→ **What to do**:
No pictures belong in the copy. Retype exactly, and only, the stretch of lines below from the one with "The Scarlet Macaw" through the one with "PhD Scholarship alert!".

→ **Data shown**:
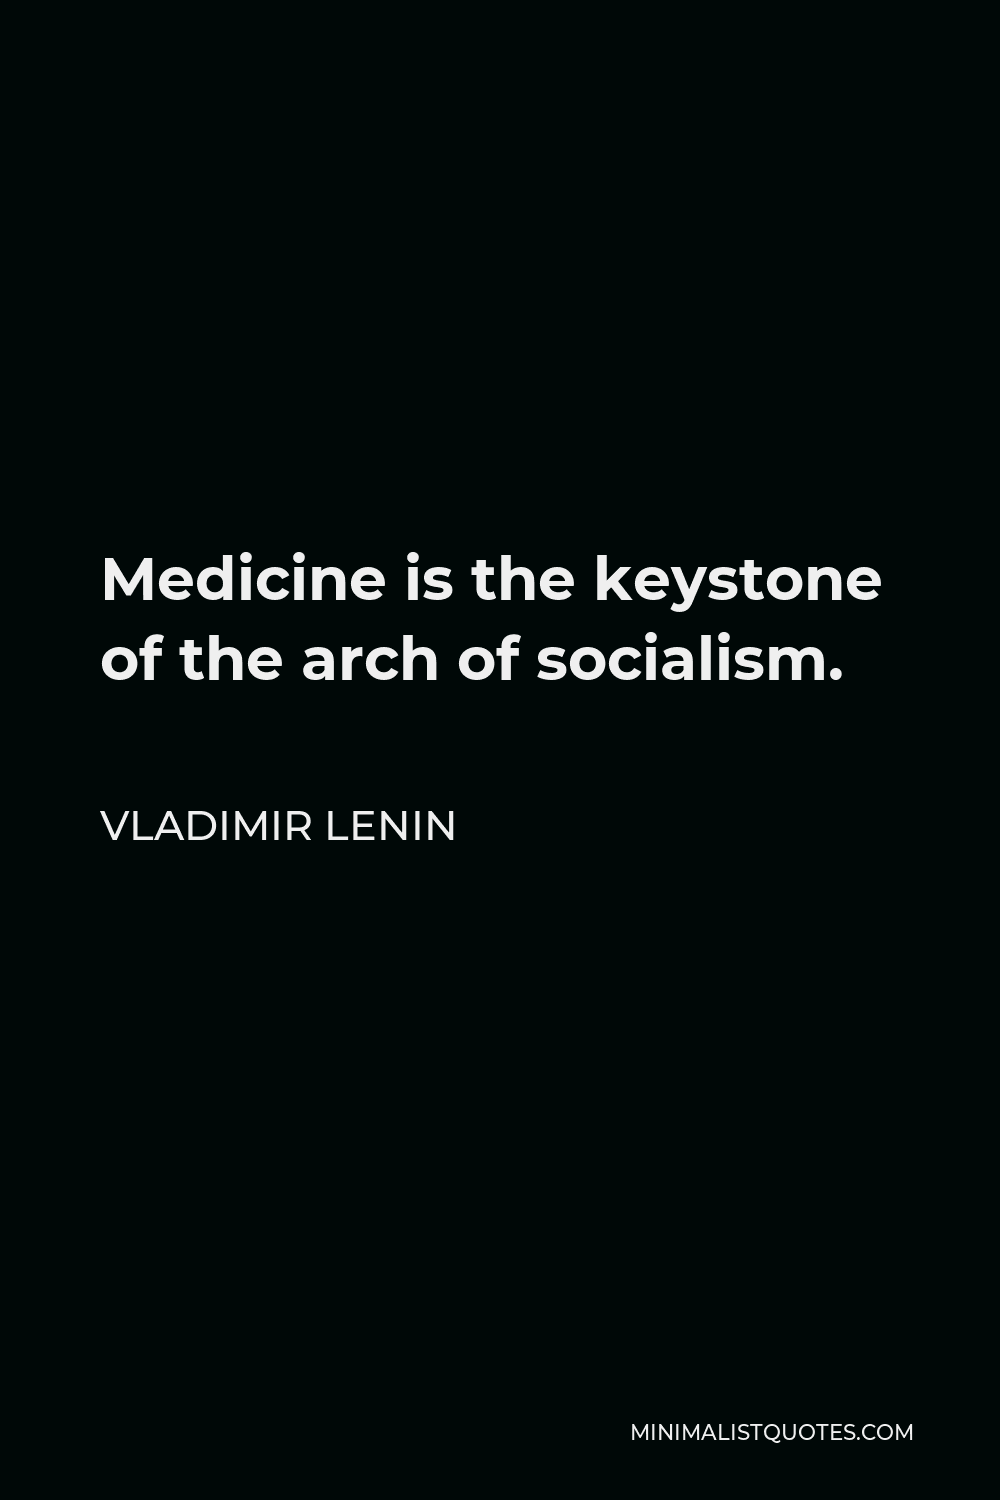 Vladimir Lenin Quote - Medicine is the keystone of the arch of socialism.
==
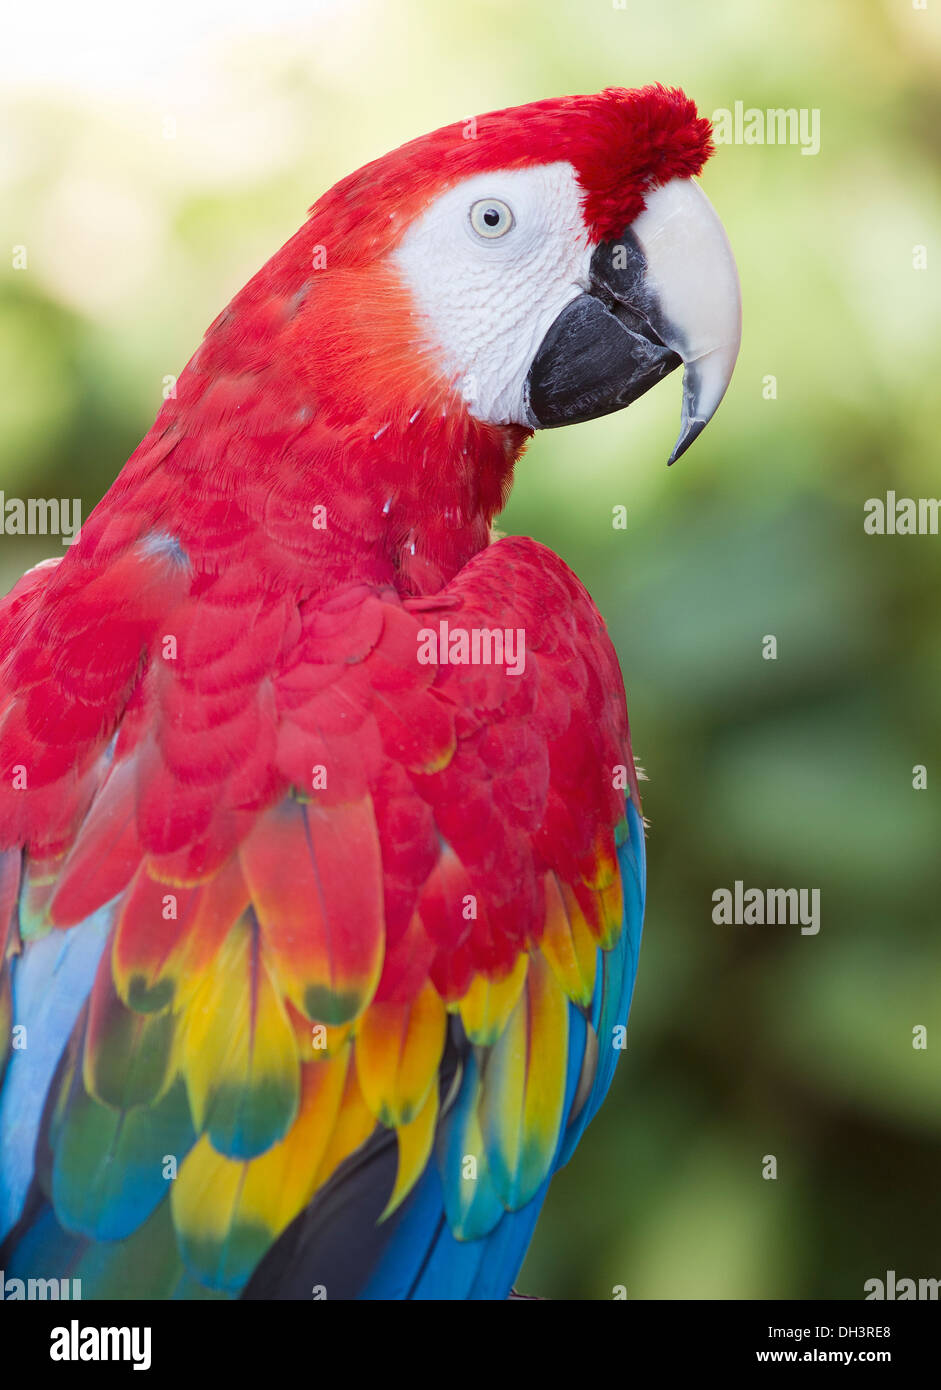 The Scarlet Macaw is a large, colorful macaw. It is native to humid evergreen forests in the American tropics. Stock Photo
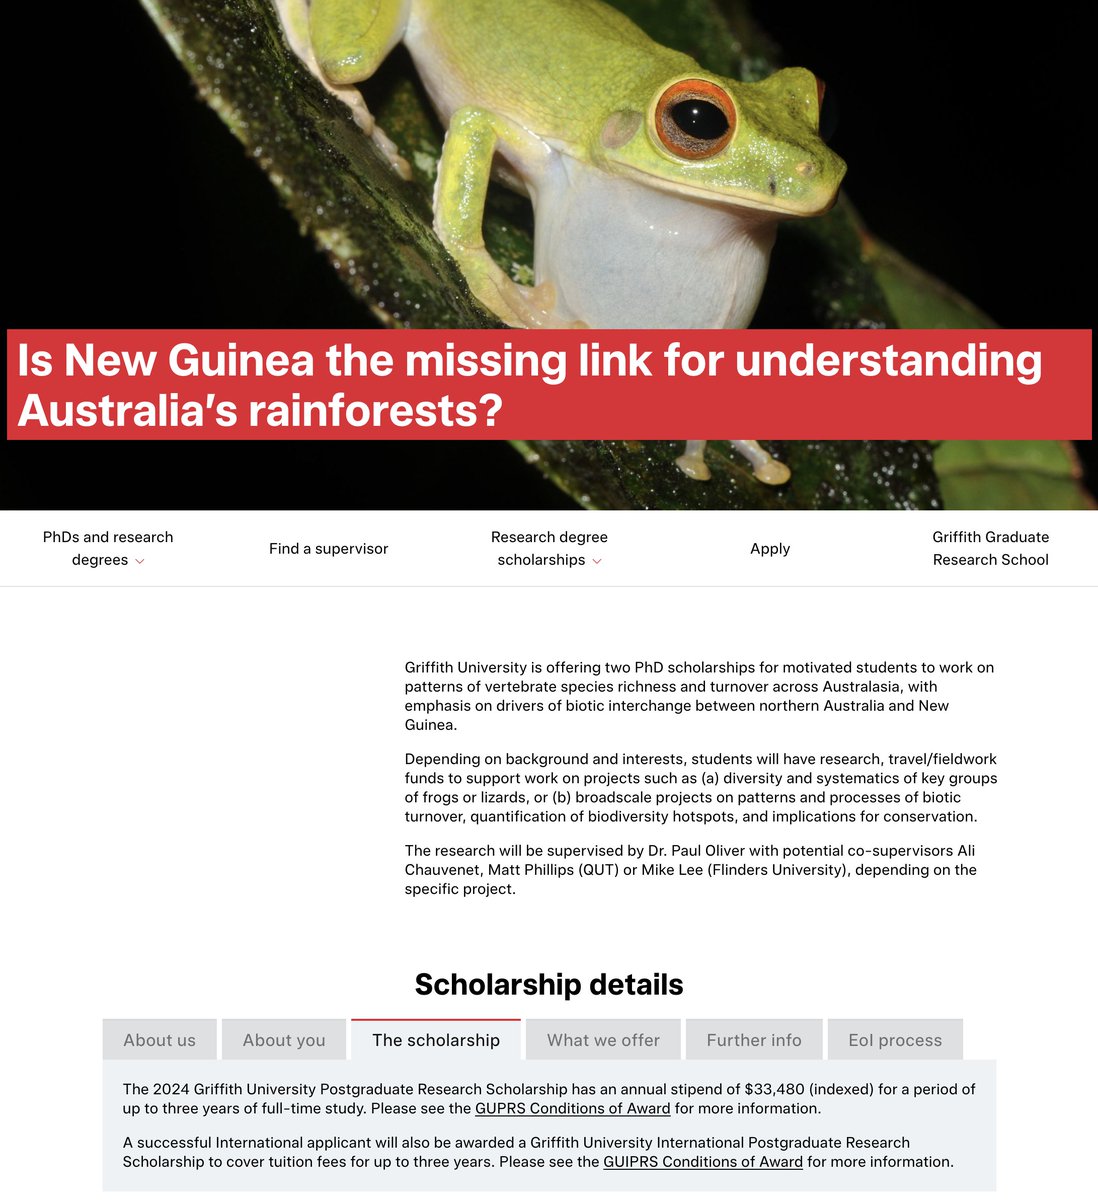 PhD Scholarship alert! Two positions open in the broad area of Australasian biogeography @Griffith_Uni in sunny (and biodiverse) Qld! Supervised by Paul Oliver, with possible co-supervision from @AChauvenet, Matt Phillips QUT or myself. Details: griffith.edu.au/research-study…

→ **Answer box**:
 The Scarlet Macaw is a large, colorful macaw. It is native to humid evergreen forests in the American tropics. Stock Photo
 PhD Scholarship alert! Two positions open in the broad area of Australasian biogeography @Griffith_Uni in sunny (and biodiverse) Qld! Supervised by Paul Oliver, with possible co-supervision from @AChauvenet, Matt Phillips QUT or myself. Details: griffith.edu.au/research-study…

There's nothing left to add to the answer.